Service Discovery and Load Balancing¶
- Kubernetes assigns each Pod its own IP address.
- Services provide a stable DNS name and IP for a set of Pods.
- kube-dns / CoreDNS resolves Service names to cluster IPs.
- Traffic is distributed across healthy Pods behind a Service.
Kubernetes vs Other Orchestrators¶
| Feature | Kubernetes | Docker Swarm | Apache Mesos |
|---|---|---|---|
| Complexity | High | Low | Very High |
| Scalability | Very High | Moderate | Very High |
| Community | Largest | Smaller | Smaller |
| Auto-scaling | Built-in (HPA, VPA, CA) | Limited | Via frameworks |
| Service mesh | Extensive ecosystem | Limited | Via frameworks |
| CNCF backed | Yes | No | No (retired) |
| Learning curve | Steep | Gentle | Very Steep |
Exam Tip
Know that Docker Swarm is simpler but less feature-rich, and that Apache Mesos has been retired from the Apache Software Foundation.

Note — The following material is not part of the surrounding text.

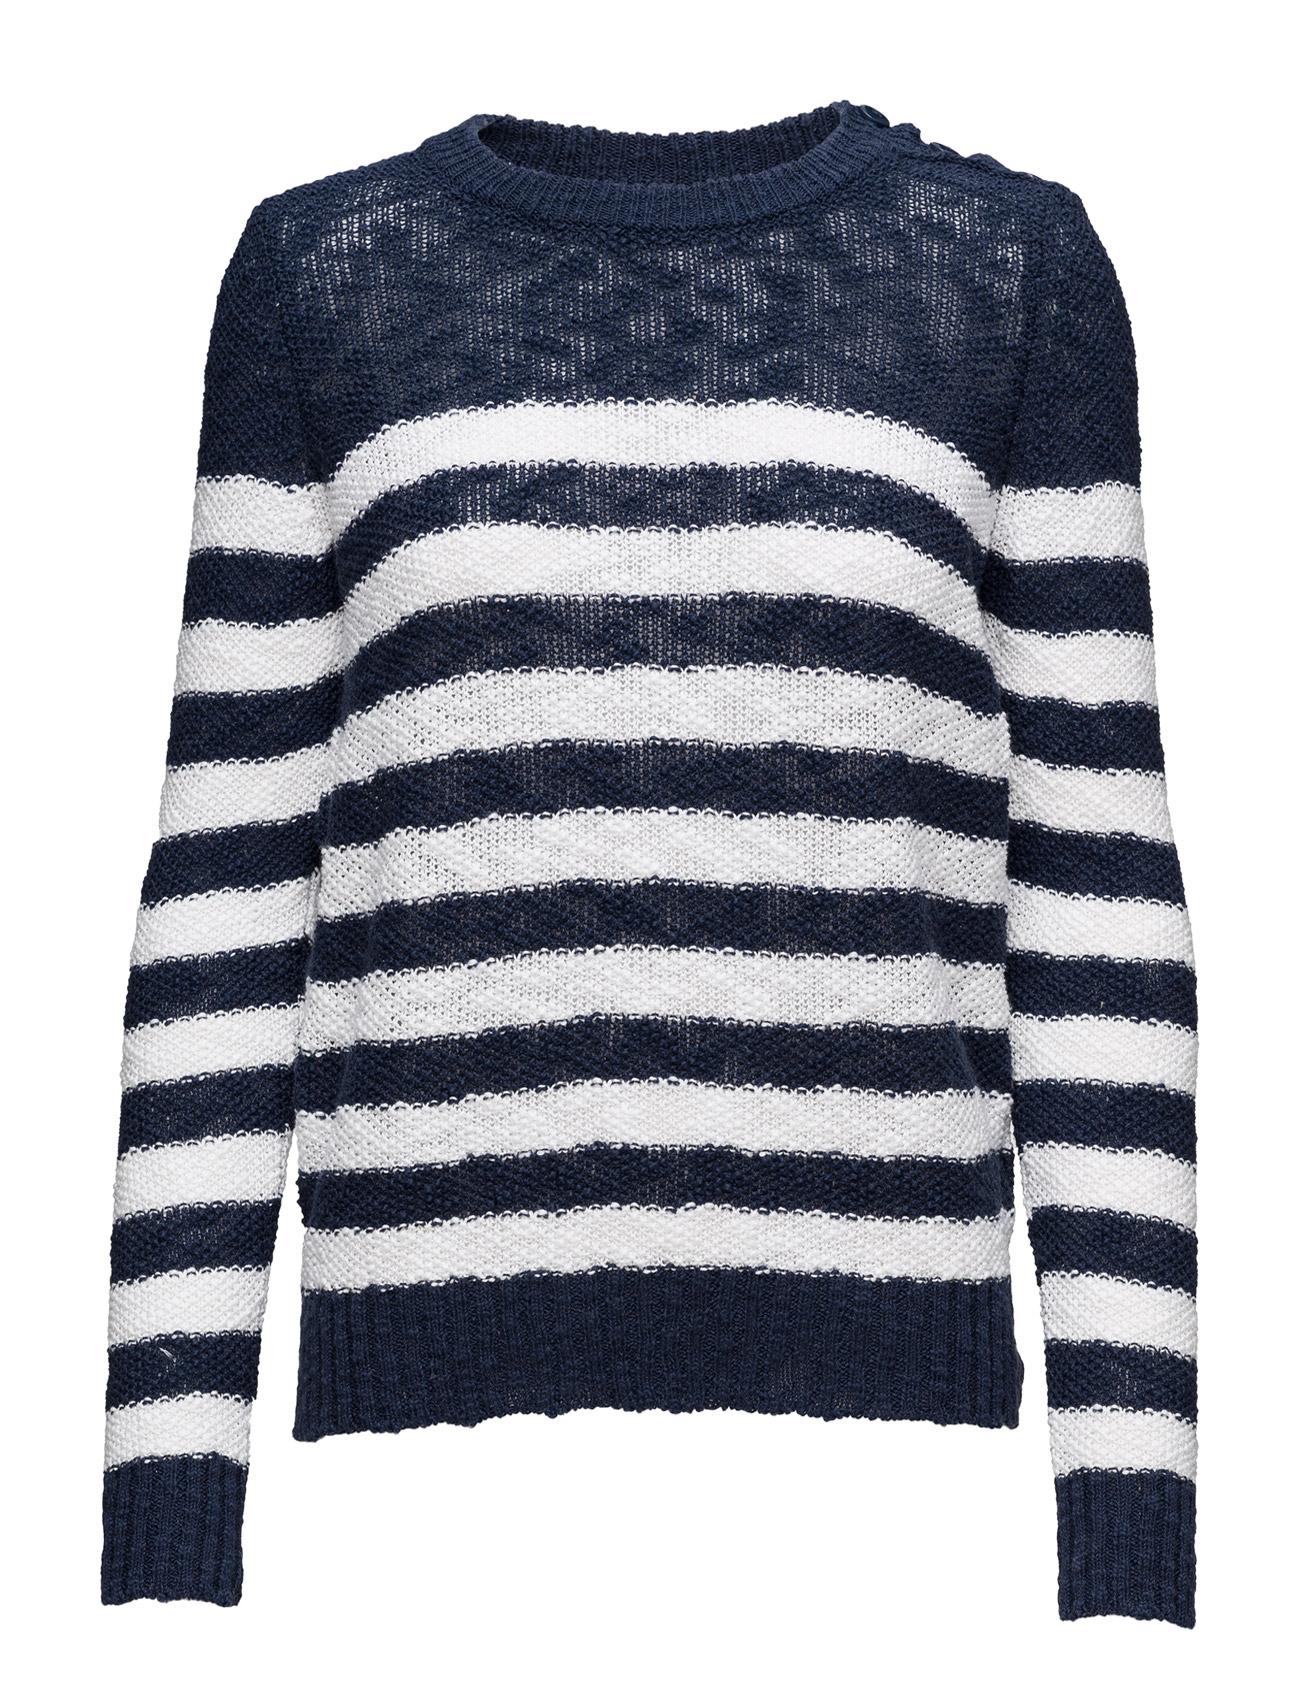 Sweater L/S United Colors of Benetton Sweatshirts til Kvinder i Pink hvid

Kubernetes has become the de facto standard for container orchestration.
Important Links¶
- Container Runtime Interface (CRI)
- containerd
- CRI-O
- Open Container Initiative
- Horizontal Pod Autoscaler
Practice Questions¶
What is the purpose of the Open Container Initiative (OCI)?

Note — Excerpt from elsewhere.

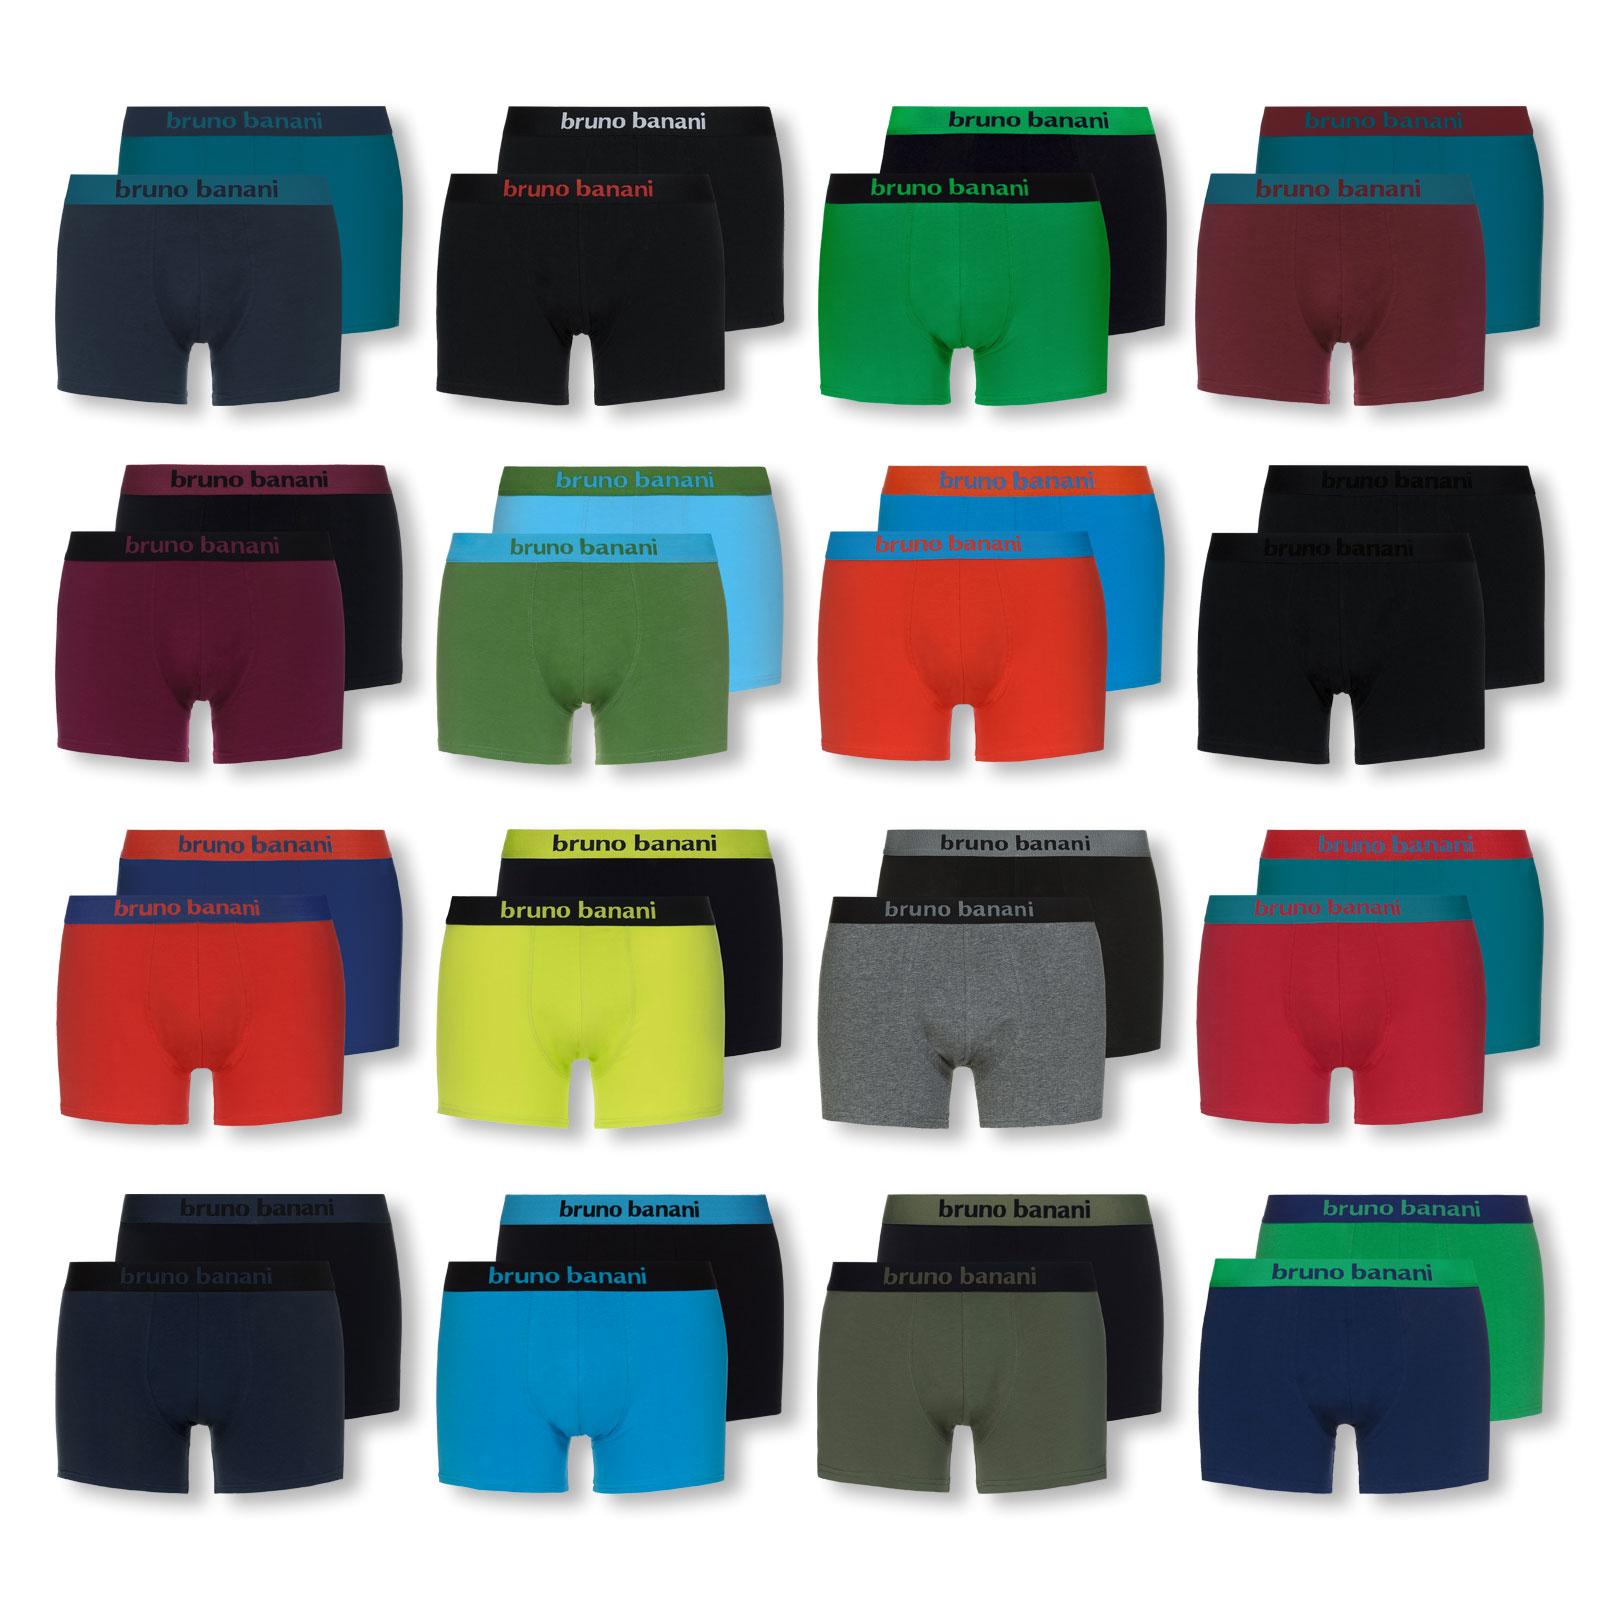 2er 4er 6er Pack bruno banani Boxershorts Shorts Unterhosen Flowing 2201-1388 in blaugrau / schwarz

Consider why industry standards are important for the container ecosystem.
Answer
The OCI defines open industry standards for container image formats (Image Spec), container runtimes (Runtime Spec), and image distribution (Distribution Spec). These standards ensure interoperability across the container ecosystem -- images built with any OCI-compliant tool can run on any OCI-compliant runtime. This prevents vendor lock-in and enables the diverse container tooling ecosystem.
Why was dockershim removed from Kubernetes in v1.24?
Think about the role of the Container Runtime Interface (CRI) and how Docker Engine relates to it.
Answer
Docker Engine does not natively implement the Container Runtime Interface (CRI). Kubernetes maintained a compatibility layer called dockershim to translate between CRI calls and the Docker API. This added maintenance burden and complexity. Since Docker uses containerd under the hood anyway, and containerd implements CRI directly, the shim was unnecessary. Removing dockershim simplified the architecture. Importantly, Docker-built images continue to work because they conform to OCI standards.
What is the difference between horizontal and vertical scaling in Kubernetes?
Consider how each approach adds capacity to handle increased load.
Answer
Horizontal scaling adds or removes Pod replicas to distribute load across more instances. It is managed by the Horizontal Pod Autoscaler (HPA) and is the preferred scaling method for stateless applications. Vertical scaling increases or decreases the CPU and memory resources allocated to existing Pods. It is managed by the Vertical Pod Autoscaler (VPA) and is useful for applications that cannot easily be replicated. Horizontal scaling is generally preferred because it provides better availability and fault tolerance.
Which self-healing mechanism does Kubernetes use when a container's liveness probe fails?
Consider the different probes and their consequences.
Answer
When a container's liveness probe fails, the kubelet kills the container and restarts it according to the Pod's restart policy (usually Always for Deployments). This is different from a readiness probe failure, which only removes the Pod from Service endpoints without restarting the container. The liveness probe mechanism ensures that containers stuck in broken states (e.g., deadlocks) are automatically recovered.
A team wants to use Kubernetes but currently builds all their container images with Docker. Will their images work after the dockershim removal?
Consider the relationship between Docker images and OCI standards.
Answer
Yes, Docker-built images will continue to work without any changes. Docker produces OCI-compliant images, and Kubernetes container runtimes (containerd, CRI-O) can run any OCI-compliant image. The dockershim removal only affected the use of Docker Engine as a container runtime in Kubernetes clusters. The image build tooling (Docker, Buildah, kaniko, etc.) is completely separate from the runtime.